• TASK DETAILS:
Go through the data and copy every line exactly, but not the images.

START RECORDS FOR THE EXERCISE

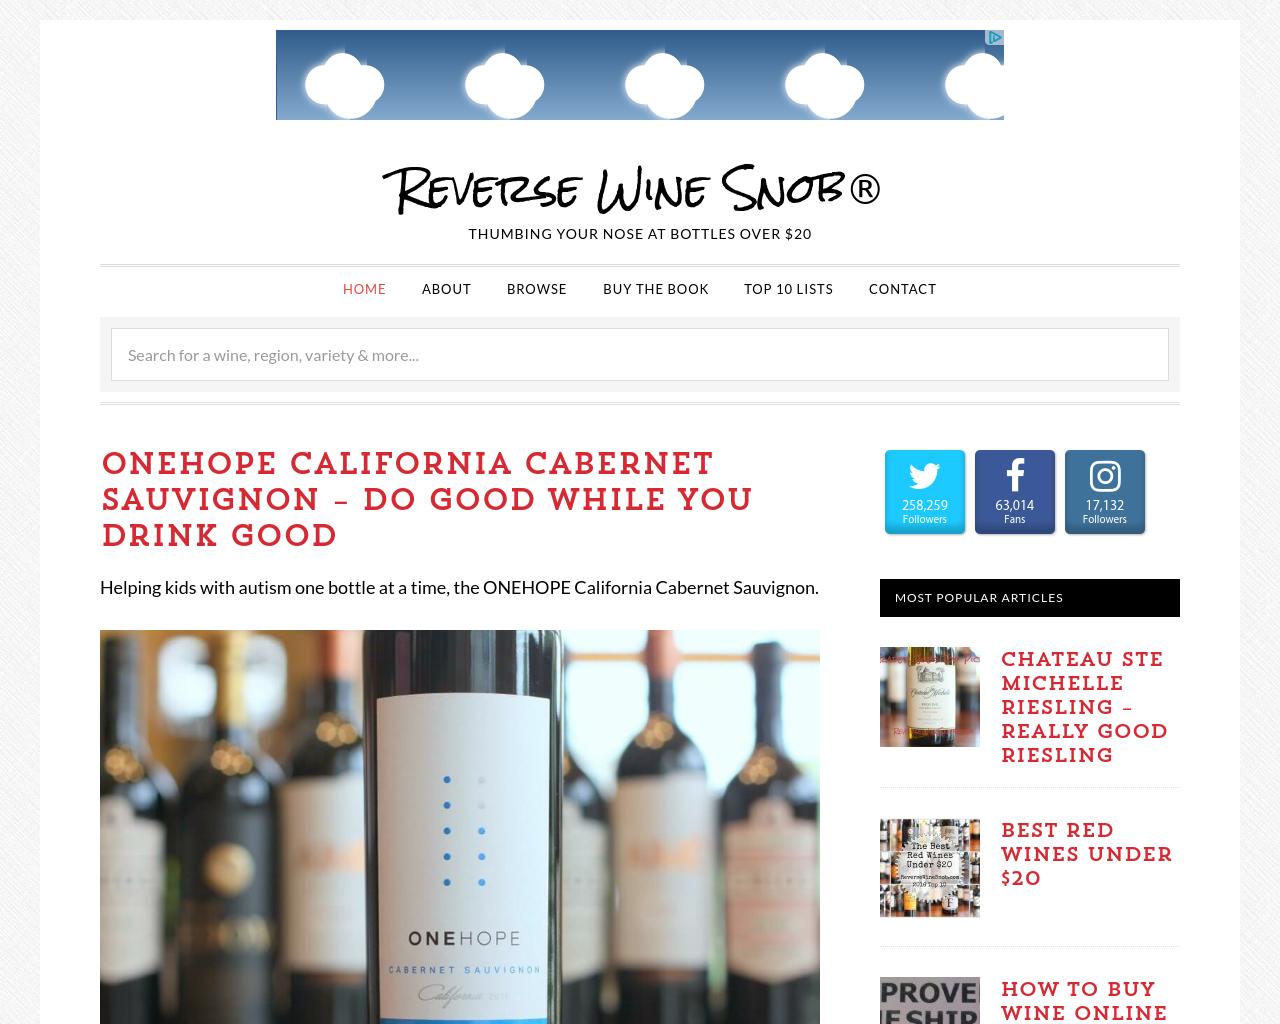 The-Reverse-Wine-Snob-Advertising-Reviews-Pricing
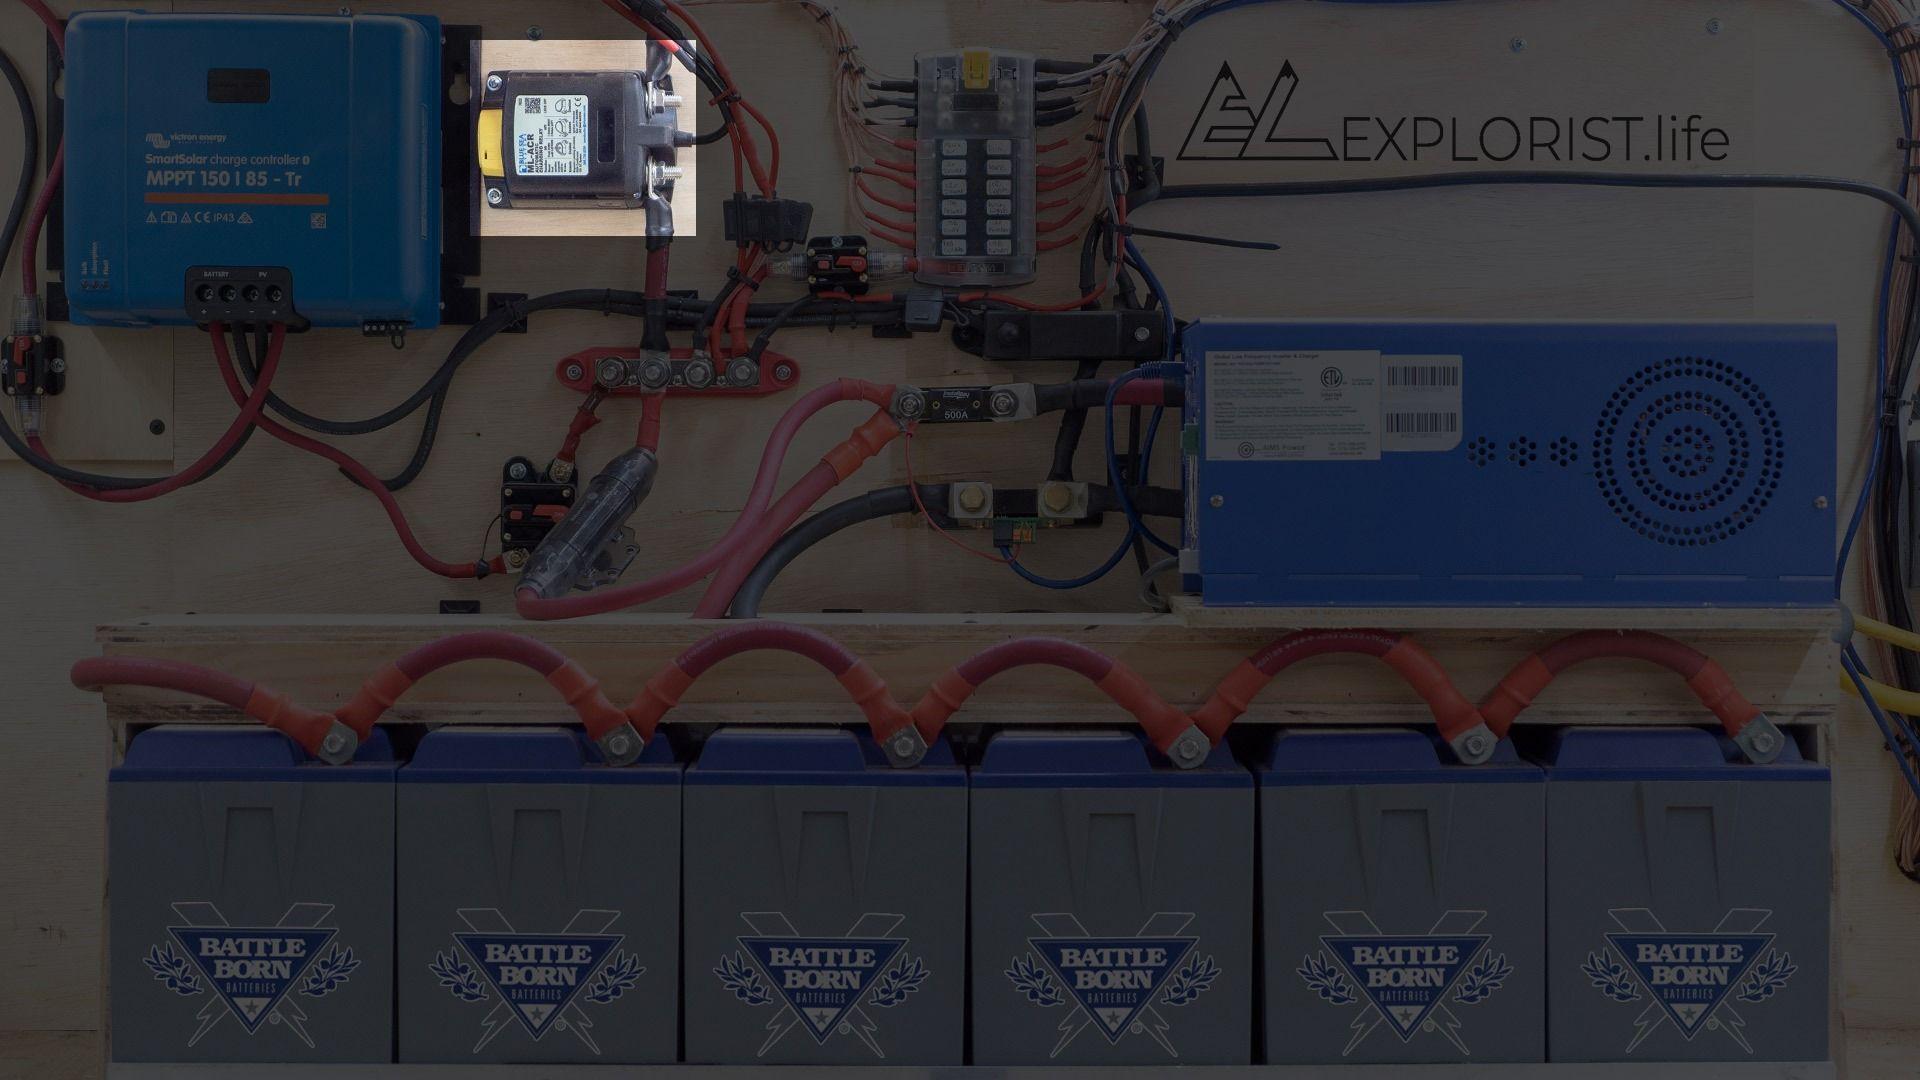 How To Design And Install Solar On A Camper Van Diy Camper Solar Solar Power Diy
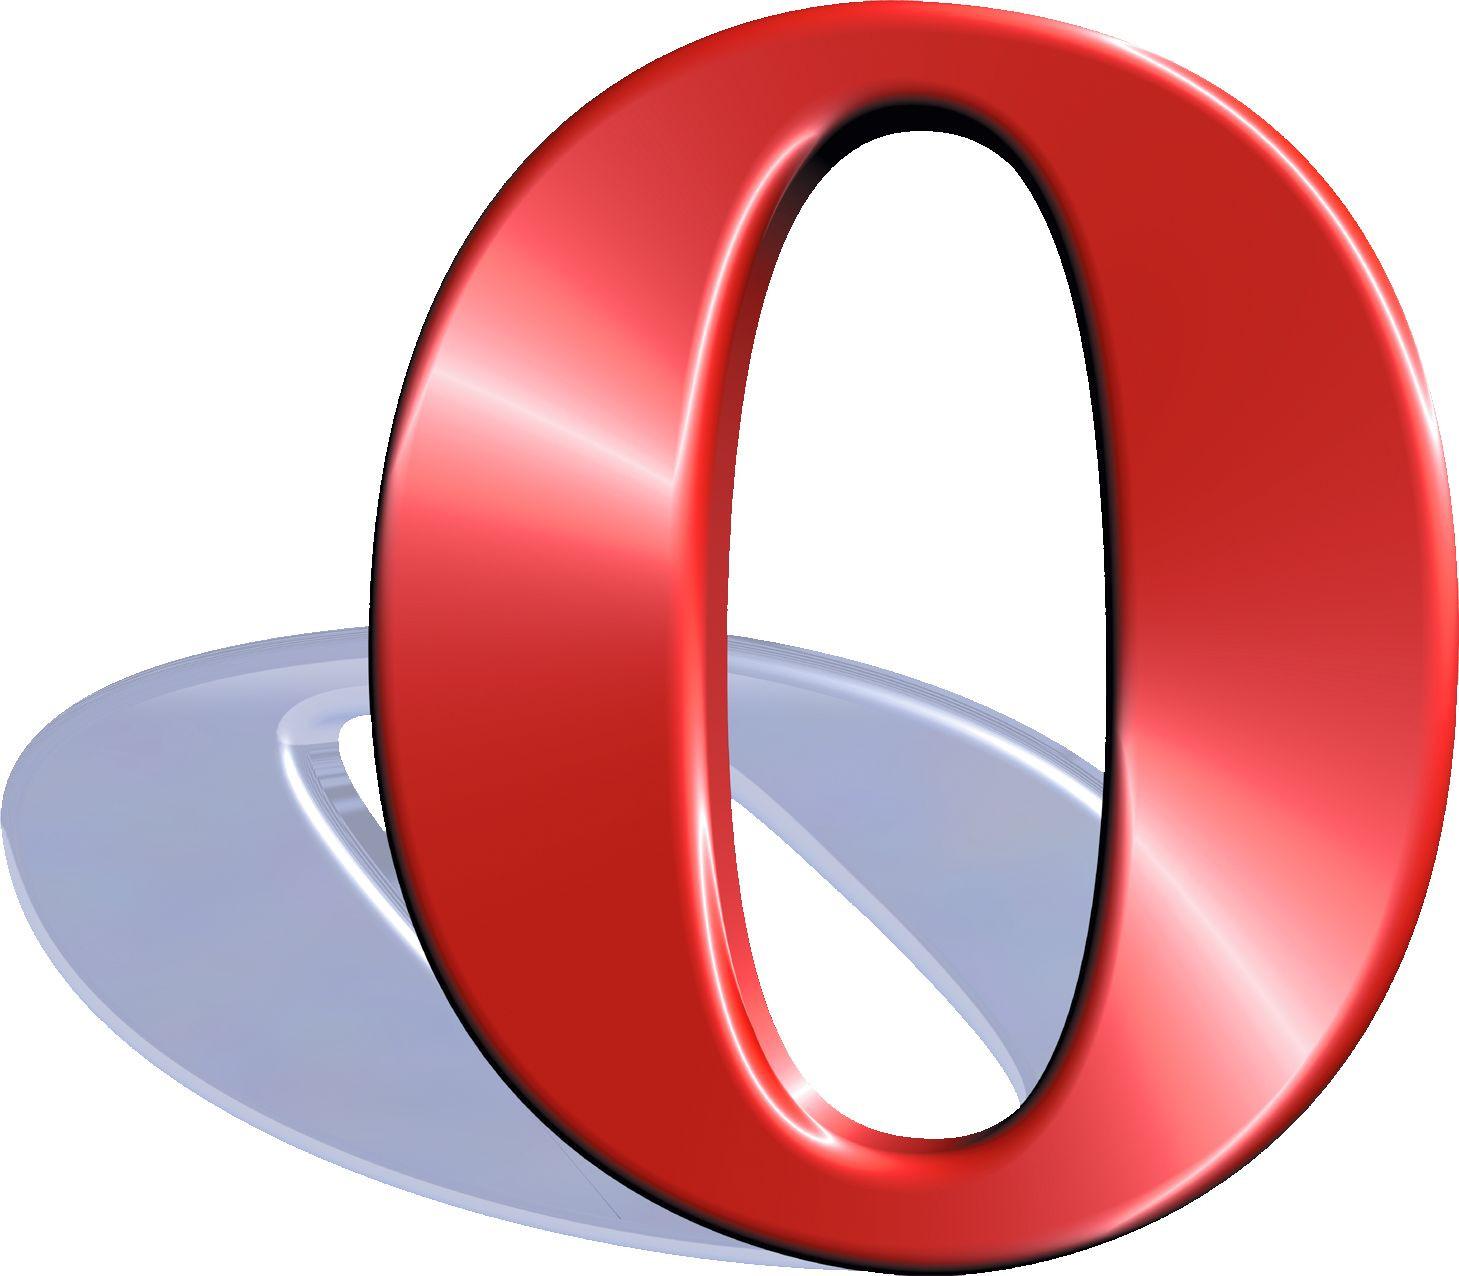 opera 2012 clubic gratuit
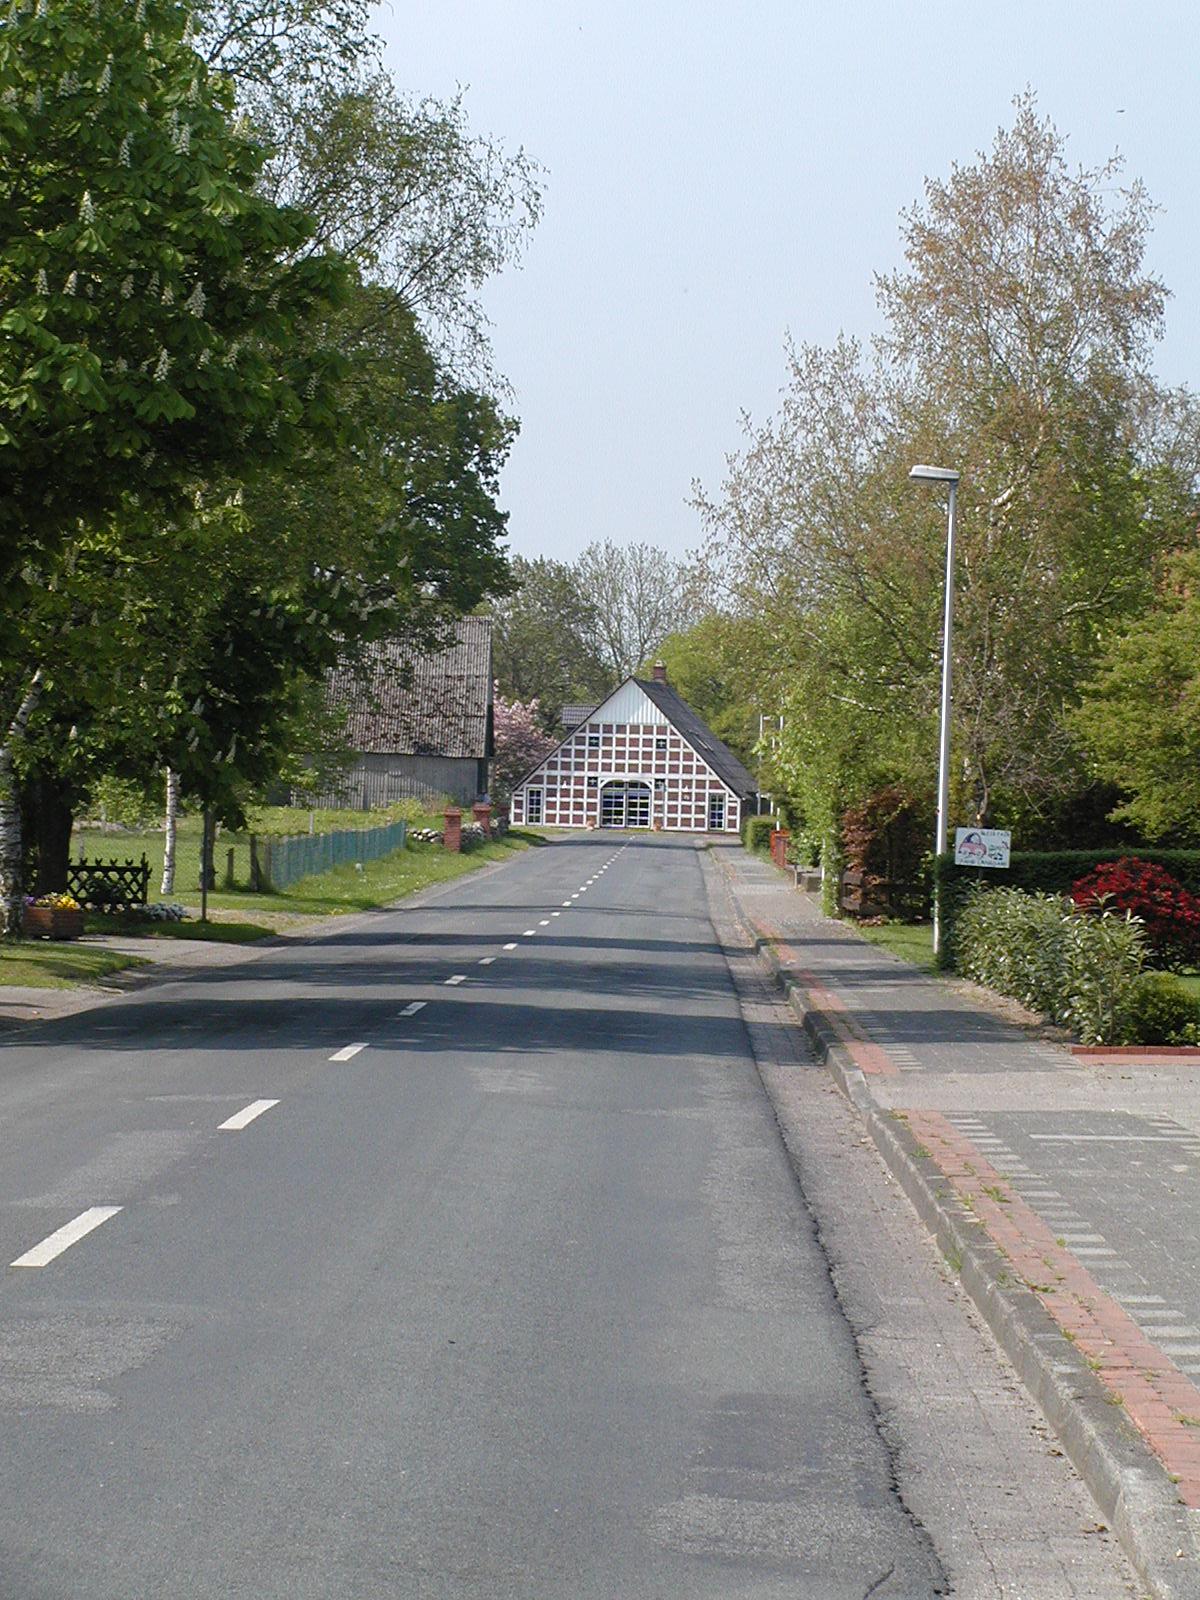 Stinstedt
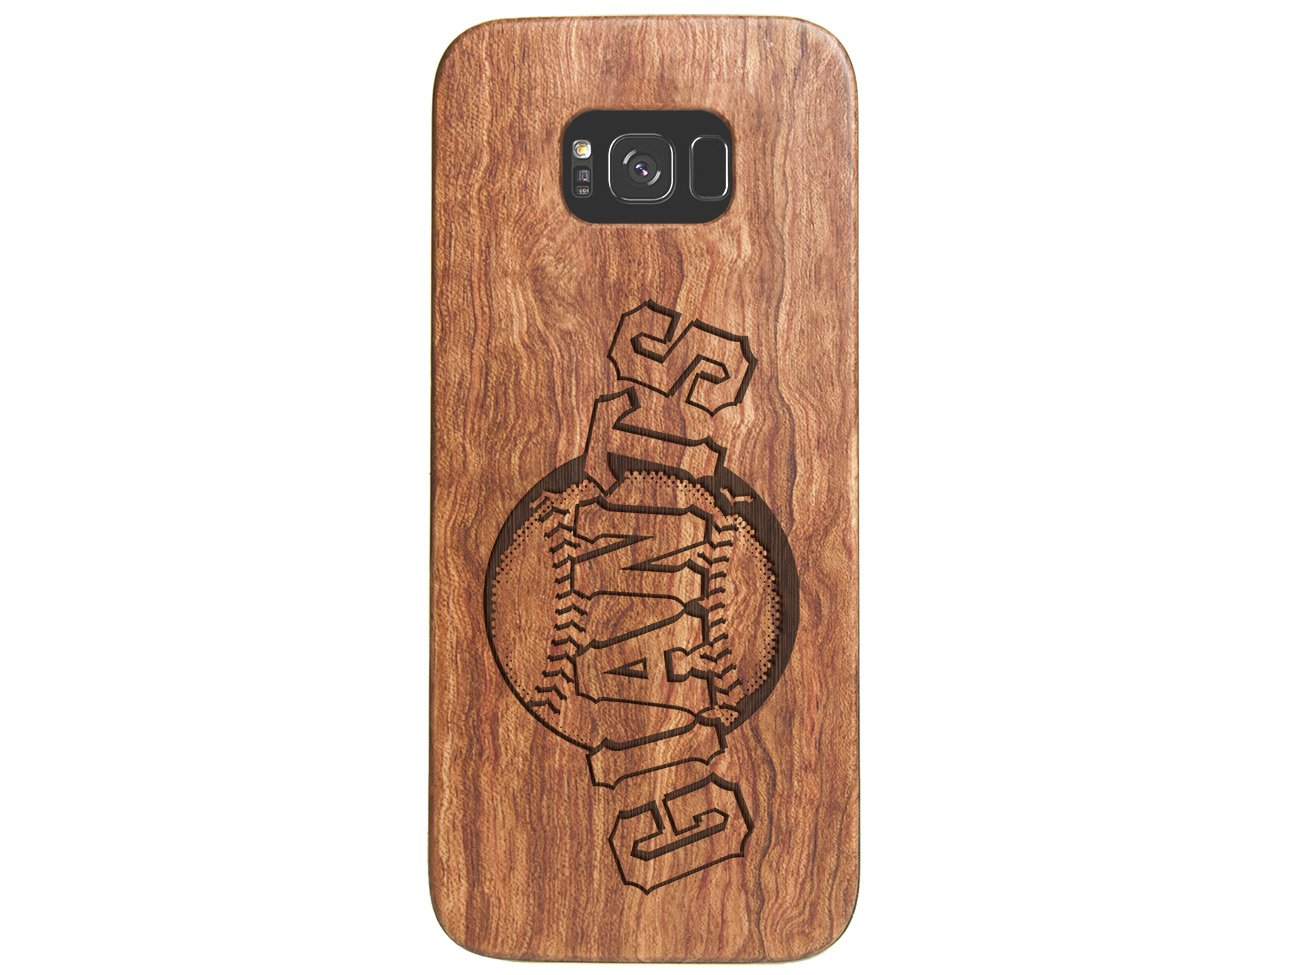 San Francisco Giants Iphone  Case

END RECORDS FOR THE EXERCISE

• COMPLETED TASK:
 The-Reverse-Wine-Snob-Advertising-Reviews-Pricing
 How To Design And Install Solar On A Camper Van Diy Camper Solar Solar Power Diy
 opera 2012 clubic gratuit
 Stinstedt
 San Francisco Giants Iphone  Case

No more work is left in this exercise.